As well as being clear about the human consequences of this decision, we also need clarity about some of the contributory negligence (in a policy-making sense) sitting behind it.

We’ve covered the perversity of people being given permission to travel to India, only to have the drawbridge pulled up behind them. We then need to add Australia’s domestic coronavirus vaccination program running behind schedule. This is a story of bad luck and bad judgments, but the obvious point to make is this: while other countries that have managed to vaccinate their citizens rapidly are preparing to reopen, Australia remains in a bubble.

As well as the troubles with vaccinations, there has also been a domestic discussion spanning many months about the ongoing adequacy of hotel quarantine. Hotel quarantine was an improvised solution in the early days of the pandemic, but for months, there’s been debate about whether Australia needs a different strategy, including more specialised facilities to deal with surges.

As the former bureaucrat Jane Halton noted months ago in a review of hotel quarantine, “pressure to increase travel to and from Australia is growing”. Furthermore: “Existing models of quarantine are unlikely to be able to expand significantly above current levels and new approaches that manage risk are needed – an ability to add scale through surge capacity should be considered.”

Having worked through the human consequences of contributory policy negligence, we now reach the dreaded politics, which I confess I’m less interested in, given what’s actually on the line here. So let’s summarise this quickly.

Morrison has had a rough few months politically, so it shouldn’t surprise us that the prime minister has now assumed full stop the boats/fortress Australia/“we decide who comes and the circumstances in which they come” mode.

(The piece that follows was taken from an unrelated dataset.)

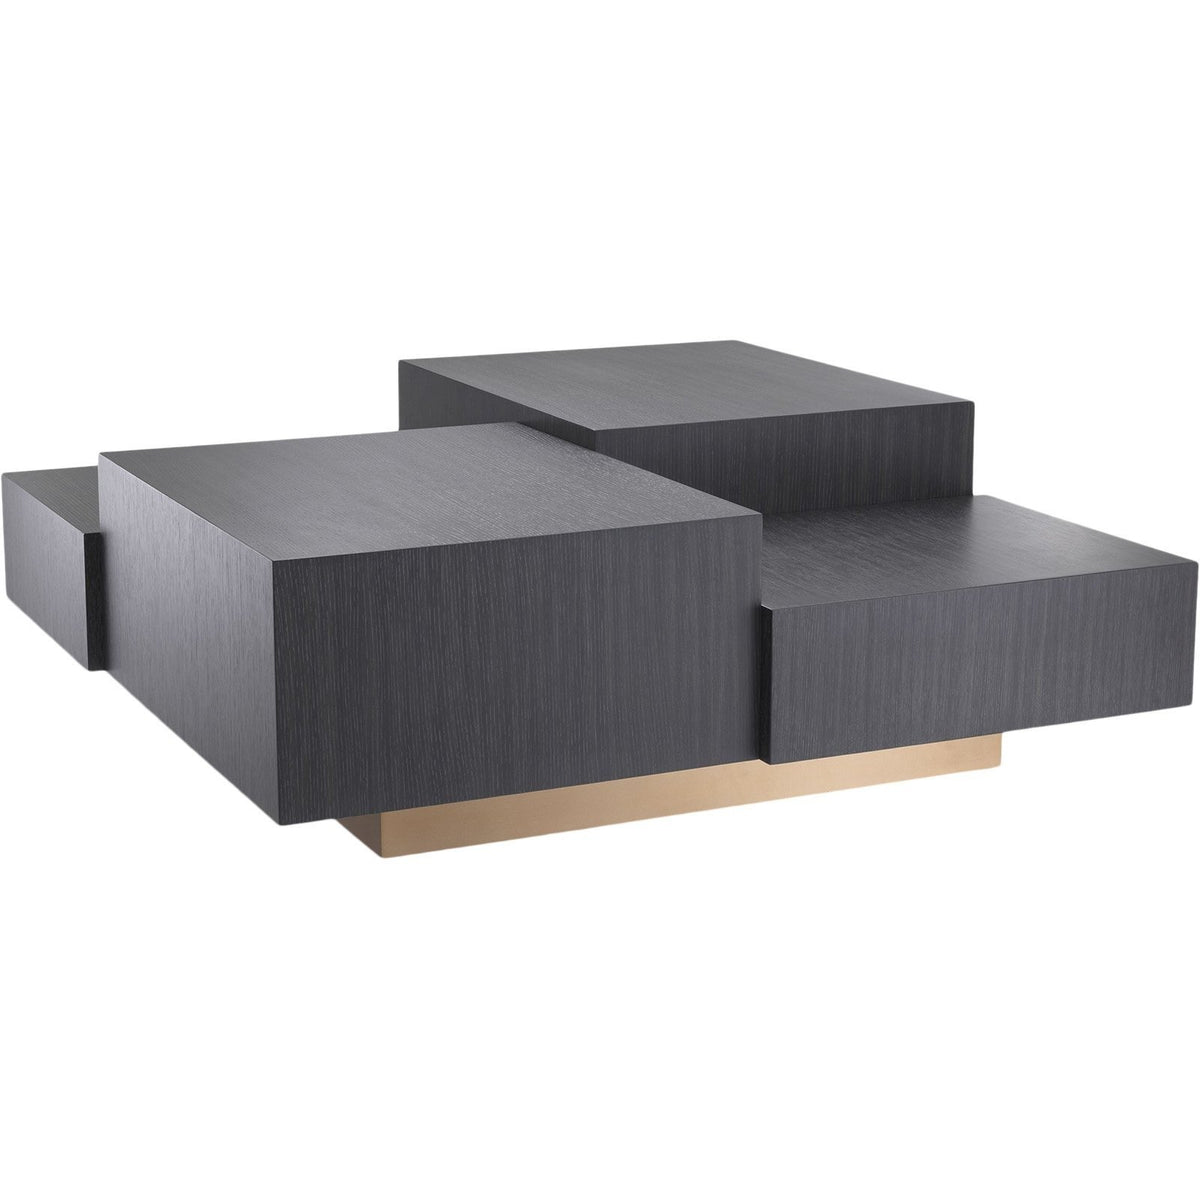 Nerone Coffee Table, Charcoal

This is a Coalition default you can set your watch by, and the foghorn politics might even work, given Morrison’s domestic voting audience has been conditioned over several decades to believe that, in Australia, a hard border must always trump a compassionate heart.

But the important thing to remember is while the prime minister is currently focused on presenting his actions as some sort of inspired pre-emption to prevent a third wave of Covid-19 infections in Australia, the reality here is quantifiably different.

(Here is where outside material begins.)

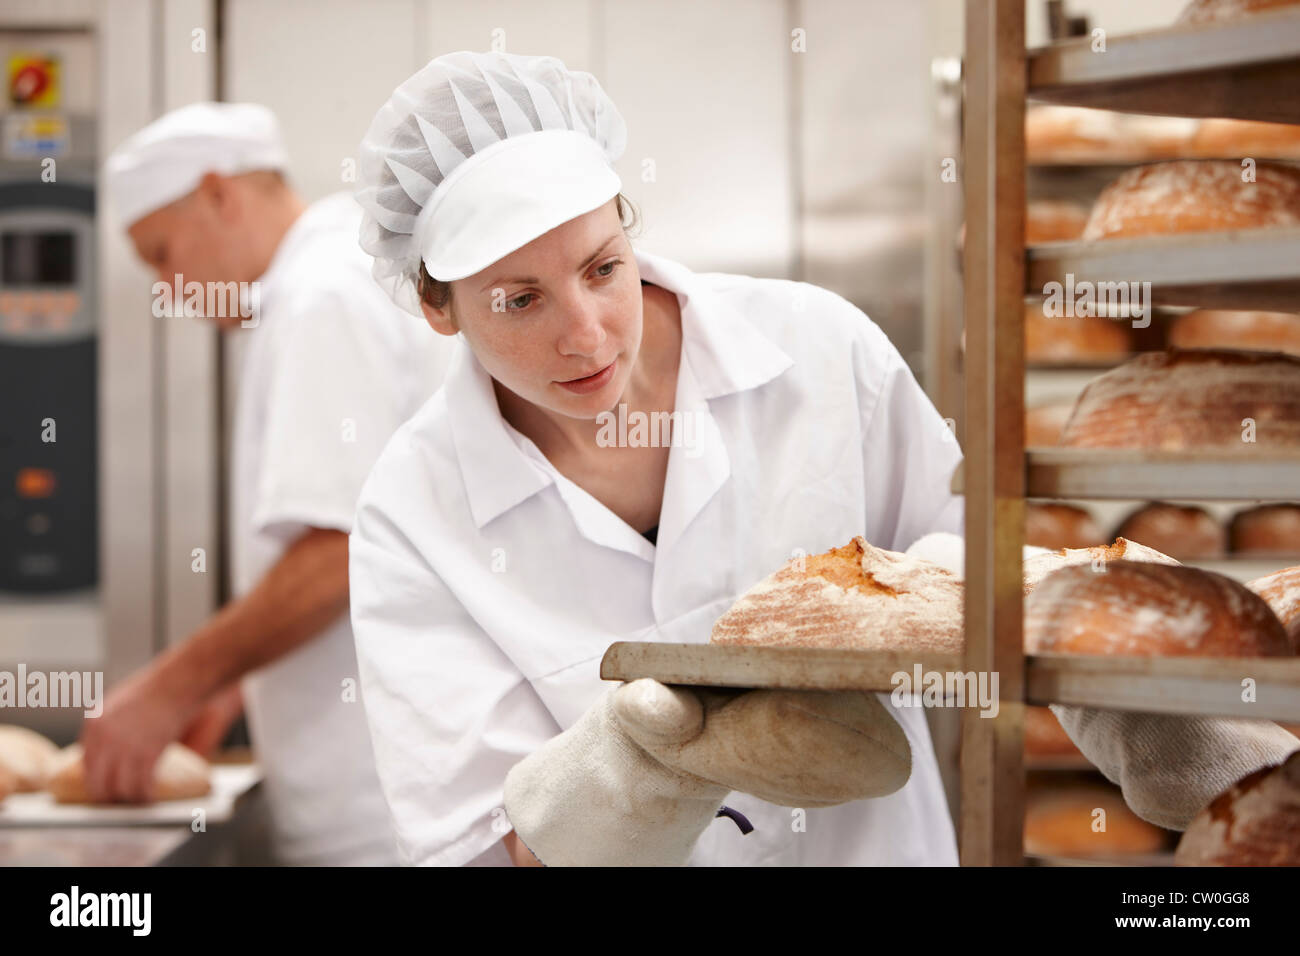 Chef carrying tray of bread in kitchen Stock Photo

The reality is the government is fully intent on masking its own lack of preparation.

There’s also an irony here that won’t be lost on the premiers.

Having spent months lecturing the states about snap border closures not being a proper substitute for an effective public health strategy (“borders … are no substitute for testing, tracing and outbreak containment”), Morrison is now doing exactly what he told the states not to do, and presenting it to voters as a virtue.